** RECORDED INFORMATION follows **
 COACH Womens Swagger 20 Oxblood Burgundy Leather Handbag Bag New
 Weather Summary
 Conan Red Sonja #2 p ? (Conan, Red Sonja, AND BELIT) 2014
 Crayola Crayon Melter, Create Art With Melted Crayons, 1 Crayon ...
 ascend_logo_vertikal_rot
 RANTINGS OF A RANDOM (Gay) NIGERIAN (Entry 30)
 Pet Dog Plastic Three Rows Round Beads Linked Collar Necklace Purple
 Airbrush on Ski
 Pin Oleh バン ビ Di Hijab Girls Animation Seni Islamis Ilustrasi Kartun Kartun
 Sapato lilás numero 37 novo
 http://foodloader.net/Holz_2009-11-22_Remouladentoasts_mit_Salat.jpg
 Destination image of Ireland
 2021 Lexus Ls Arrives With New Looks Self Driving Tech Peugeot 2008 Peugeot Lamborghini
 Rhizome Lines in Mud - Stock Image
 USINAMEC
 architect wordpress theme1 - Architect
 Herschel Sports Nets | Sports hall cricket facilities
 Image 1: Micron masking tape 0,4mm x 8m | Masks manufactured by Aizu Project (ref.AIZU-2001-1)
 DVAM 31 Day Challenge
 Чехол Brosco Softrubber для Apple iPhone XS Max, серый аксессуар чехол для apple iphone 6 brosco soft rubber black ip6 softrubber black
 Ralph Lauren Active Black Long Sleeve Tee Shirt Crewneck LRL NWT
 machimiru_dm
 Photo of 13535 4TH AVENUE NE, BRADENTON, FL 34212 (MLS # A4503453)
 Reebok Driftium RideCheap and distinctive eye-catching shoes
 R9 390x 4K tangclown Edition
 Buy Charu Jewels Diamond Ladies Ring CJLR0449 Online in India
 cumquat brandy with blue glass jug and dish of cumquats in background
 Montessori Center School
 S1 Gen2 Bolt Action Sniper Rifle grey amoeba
** End of RECORDED INFORMATION **
**ABOUT THIS EXERCISE:** Return the data from the top line through the bottom line exactly.

**OUTPUT:**
 COACH Womens Swagger 20 Oxblood Burgundy Leather Handbag Bag New
 Weather Summary
 Conan Red Sonja #2 p ? (Conan, Red Sonja, AND BELIT) 2014
 Crayola Crayon Melter, Create Art With Melted Crayons, 1 Crayon ...
 ascend_logo_vertikal_rot
 RANTINGS OF A RANDOM (Gay) NIGERIAN (Entry 30)
 Pet Dog Plastic Three Rows Round Beads Linked Collar Necklace Purple
 Airbrush on Ski
 Pin Oleh バン ビ Di Hijab Girls Animation Seni Islamis Ilustrasi Kartun Kartun
 Sapato lilás numero 37 novo
 http://foodloader.net/Holz_2009-11-22_Remouladentoasts_mit_Salat.jpg
 Destination image of Ireland
 2021 Lexus Ls Arrives With New Looks Self Driving Tech Peugeot 2008 Peugeot Lamborghini
 Rhizome Lines in Mud - Stock Image
 USINAMEC
 architect wordpress theme1 - Architect
 Herschel Sports Nets | Sports hall cricket facilities
 Image 1: Micron masking tape 0,4mm x 8m | Masks manufactured by Aizu Project (ref.AIZU-2001-1)
 DVAM 31 Day Challenge
 Чехол Brosco Softrubber для Apple iPhone XS Max, серый аксессуар чехол для apple iphone 6 brosco soft rubber black ip6 softrubber black
 Ralph Lauren Active Black Long Sleeve Tee Shirt Crewneck LRL NWT
 machimiru_dm
 Photo of 13535 4TH AVENUE NE, BRADENTON, FL 34212 (MLS # A4503453)
 Reebok Driftium RideCheap and distinctive eye-catching shoes
 R9 390x 4K tangclown Edition
 Buy Charu Jewels Diamond Ladies Ring CJLR0449 Online in India
 cumquat brandy with blue glass jug and dish of cumquats in background
 Montessori Center School
 S1 Gen2 Bolt Action Sniper Rifle grey amoeba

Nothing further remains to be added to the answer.